= Burn rate =

Rate at which a company is losing money

Burn rate is the rate at which a company consumes its cash. It is typically expressed in monthly terms and used for startups. E.g., "the company's burn rate is currently $65,000 per month." In this sense, the word "burn" is a synonymous term for negative cash flow. It is also a measure of how fast a company will use up its shareholder capital. If the shareholder capital is exhausted, the company will either have to start making a profit, find additional funding, or close down.

Burn rate can also refer to how quickly individuals spend their money, particularly their discretionary income. For example, Mackenzie Investments commissioned a test to gauge the spending and saving behavior of Canadians to determine if they are “Overspenders”.
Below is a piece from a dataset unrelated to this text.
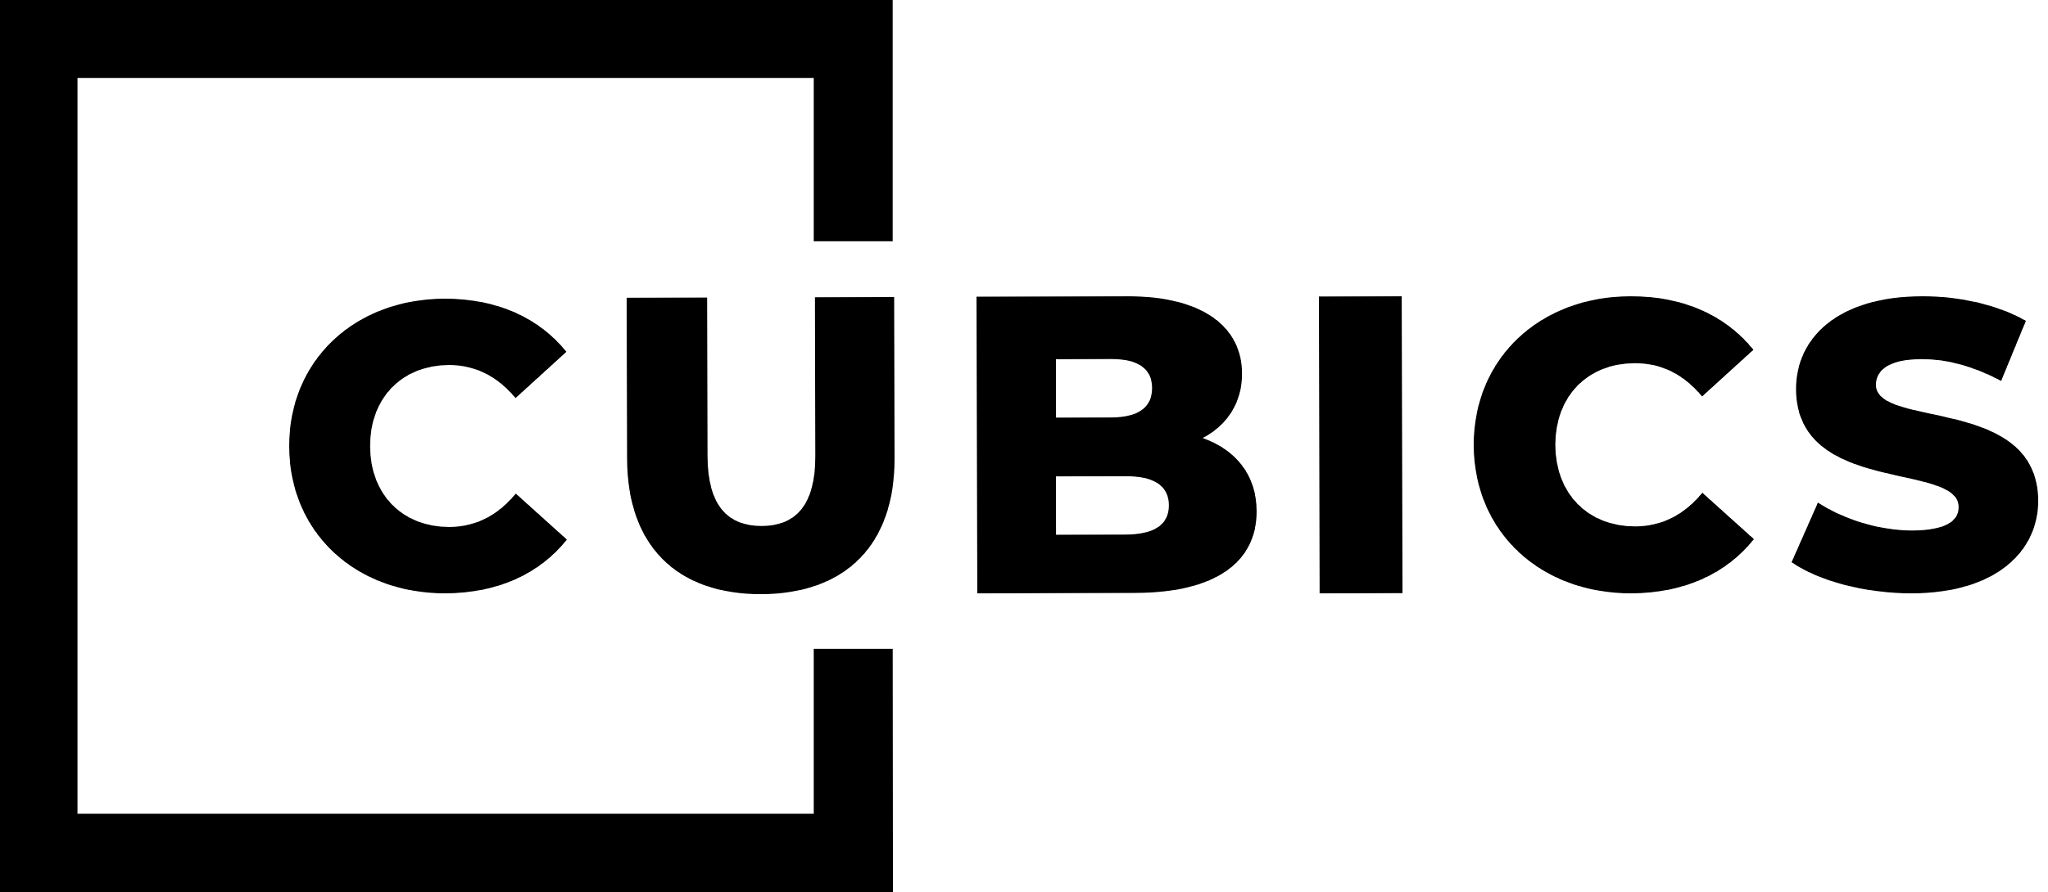 P-CUBICS (logo)

Burn rate is also used in project management to determine the rate at which hours (allocated to a project) are being used, to identify when work is going out of scope, or when efficiencies are being lost. The term is also used in biology, to refer to a person's basic metabolic rate; in rocketry, it refers to the rate at which a rocket is burning fuel; and in chemistry, it refers to the rate at which a compound or substance burns.

==History==
The term came into common use during the dot-com era when many start-up companies went through several stages of funding before emerging into profitability and positive cash flows and thus becoming self-sustainable (or, as for the majority, failing to find additional funding and sustainable business models and thus going bankrupt). In between funding events, burn rate becomes an important management measure, since together with the available funds, it provides a time measure to when the next funding event needs to take place.

Some entrepreneurs and investors say that part of the reasons behind the dot-com bust was the unsound management and financial investor practices to keep the burn rate up, taking it as a proxy for how fast the start-up company was acquiring a customer base.

== In project management ==

In project management, burn rate is the rate at which a project's budget is being spent, used to flag scope creep or lost efficiencies.